## [Given records]

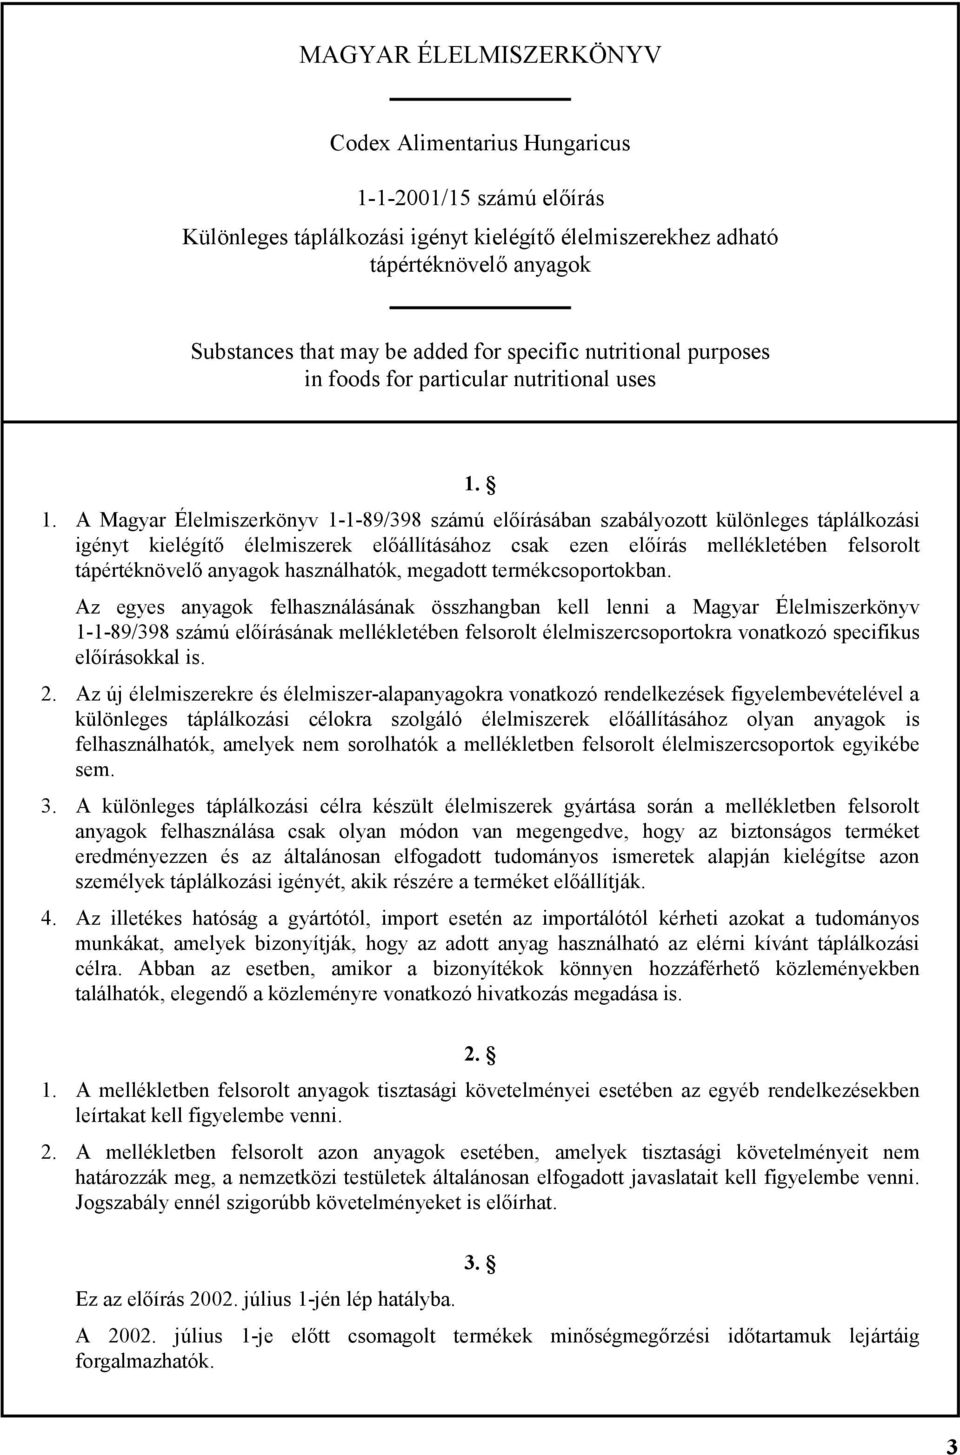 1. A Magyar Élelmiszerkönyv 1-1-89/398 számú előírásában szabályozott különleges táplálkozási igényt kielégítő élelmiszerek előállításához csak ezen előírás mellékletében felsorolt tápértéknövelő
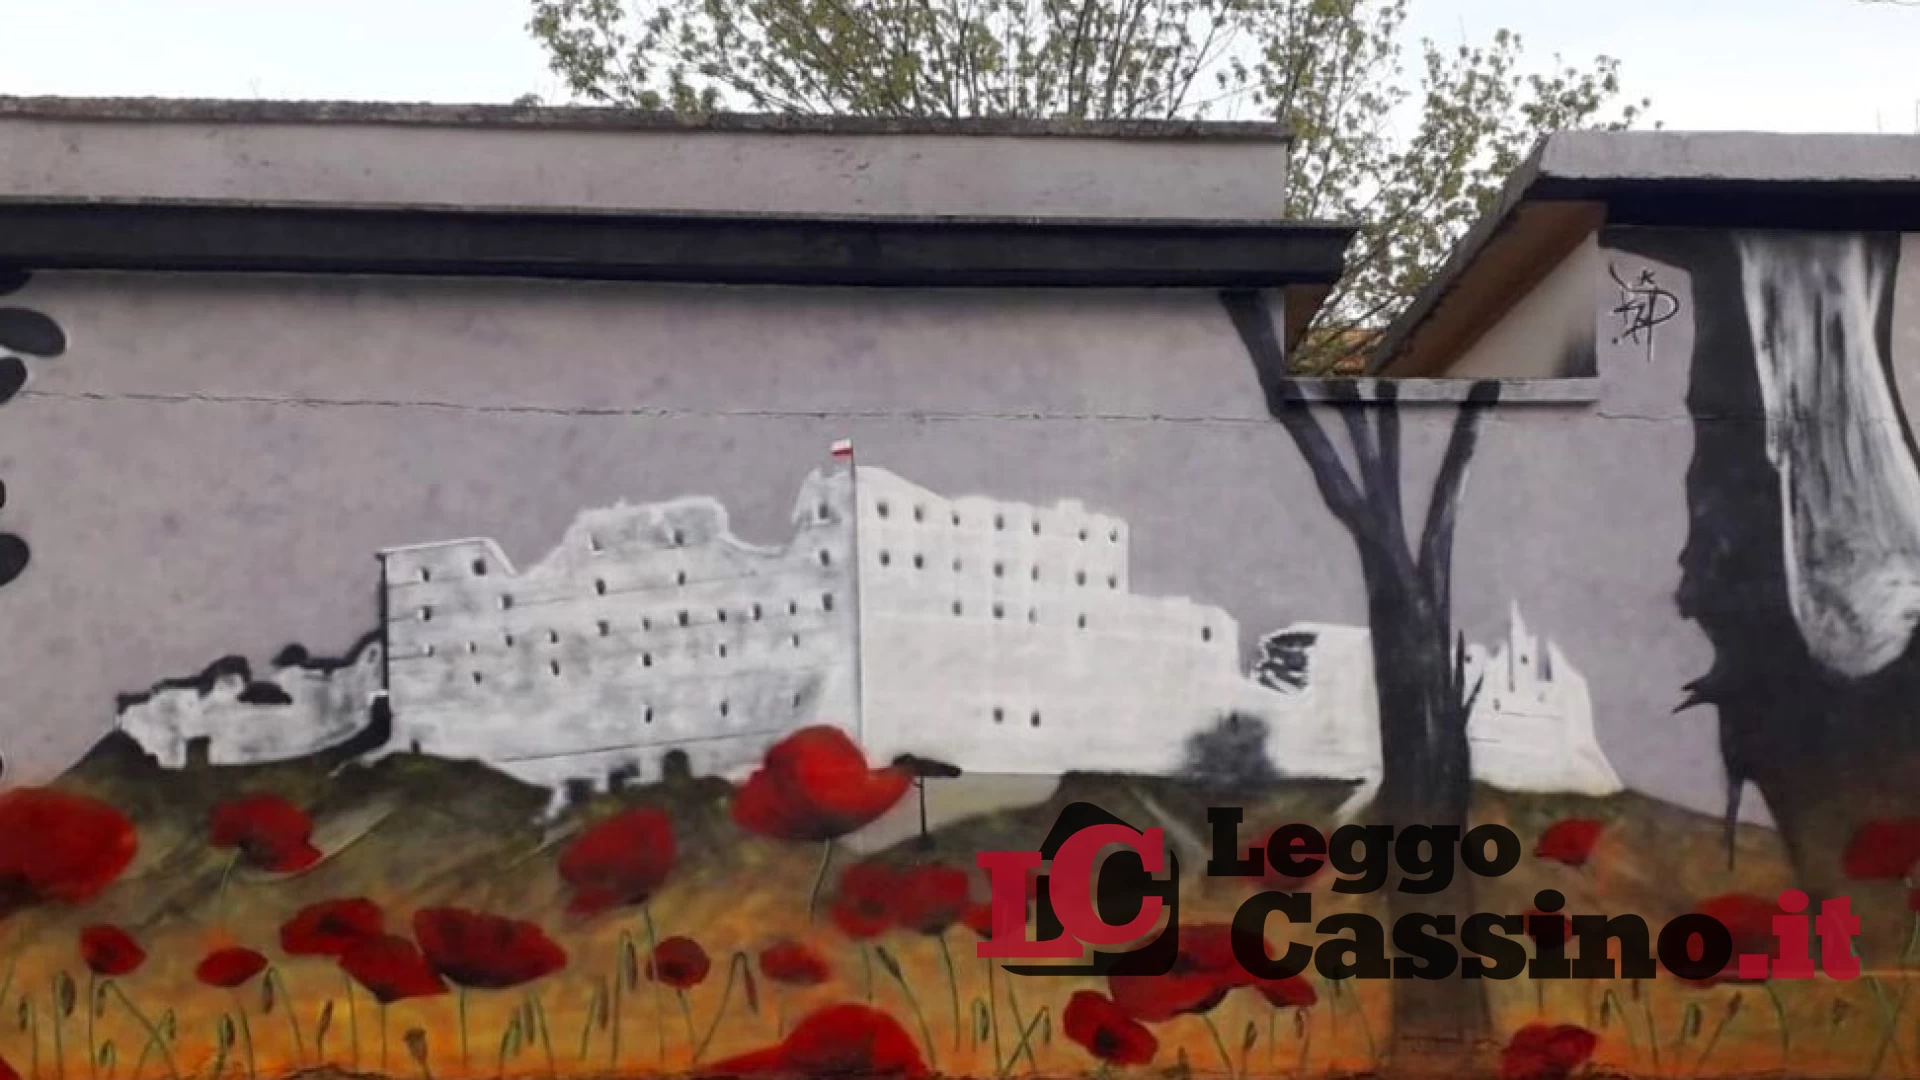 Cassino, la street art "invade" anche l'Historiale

--

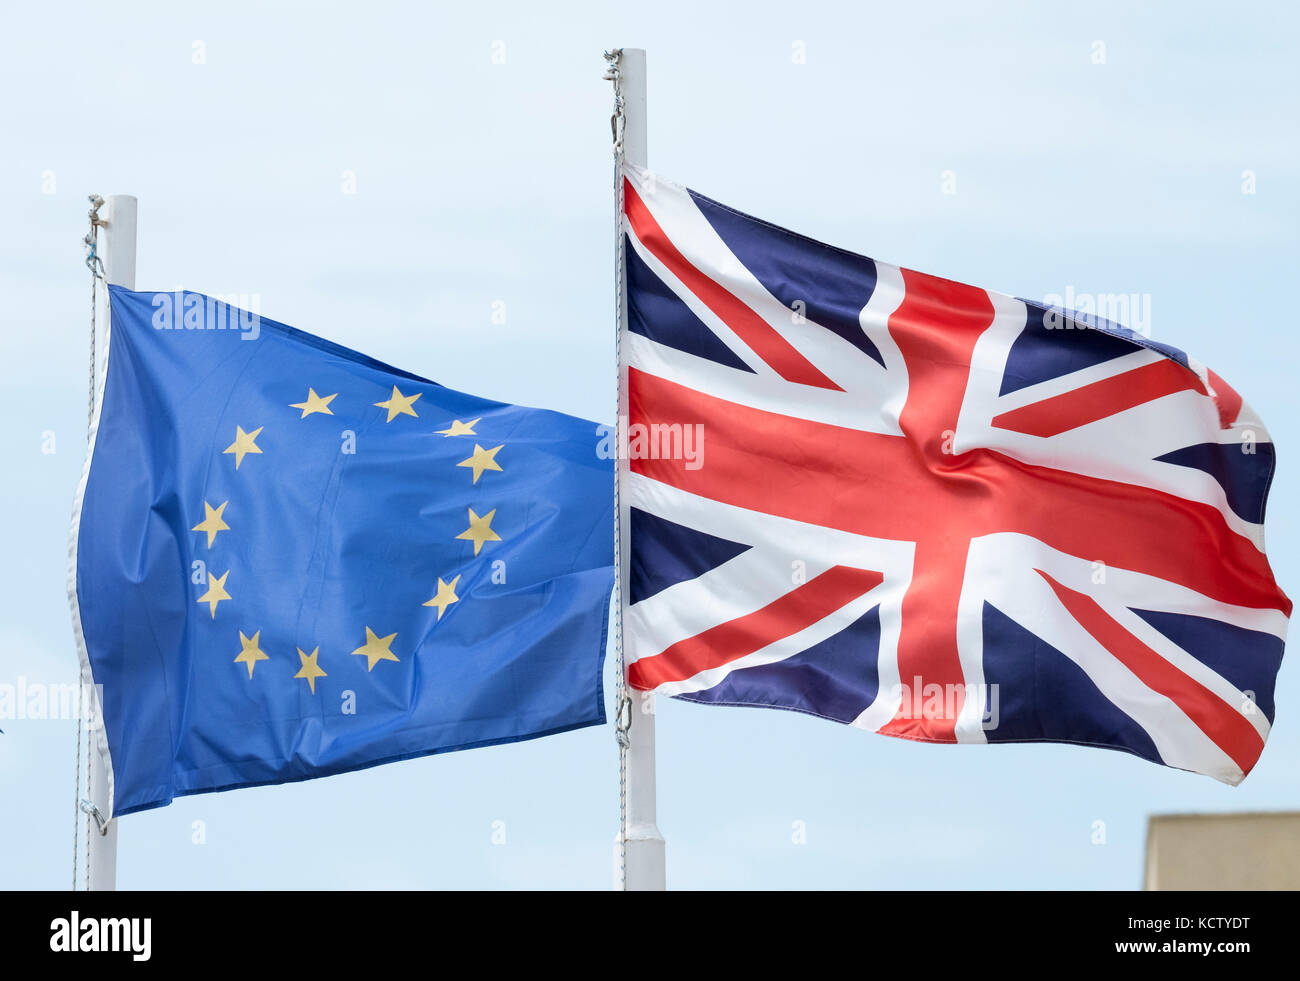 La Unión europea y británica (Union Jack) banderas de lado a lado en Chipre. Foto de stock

* * *

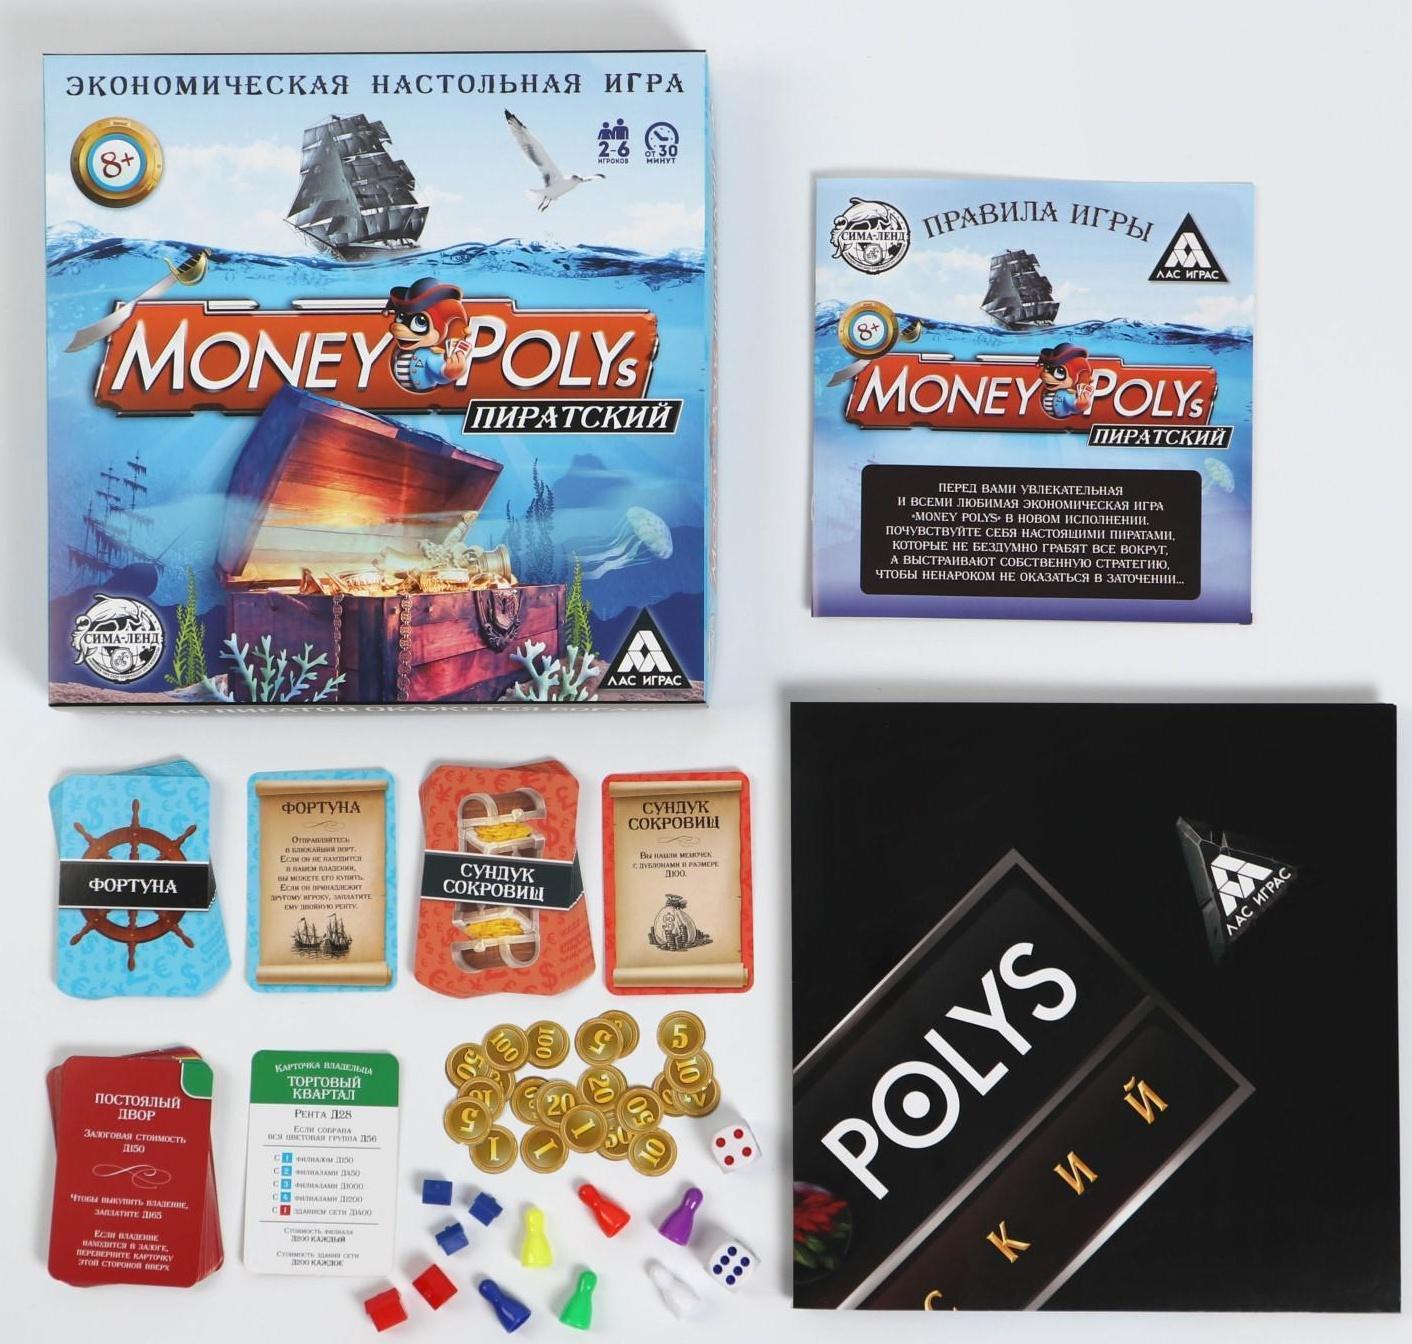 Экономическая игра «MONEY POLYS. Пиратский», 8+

## [Exercise instructions]
What to print is the stretch of entries from the line with "1. A Magyar" up to and including the line with "Cassino, la street". Please print it exactly and leave out the pictures.

## [Result of this task]
 1. A Magyar Élelmiszerkönyv 1-1-89/398 számú előírásában szabályozott különleges táplálkozási igényt kielégítő élelmiszerek előállításához csak ezen előírás mellékletében felsorolt tápértéknövelő
 Cassino, la street art "invade" anche l'Historiale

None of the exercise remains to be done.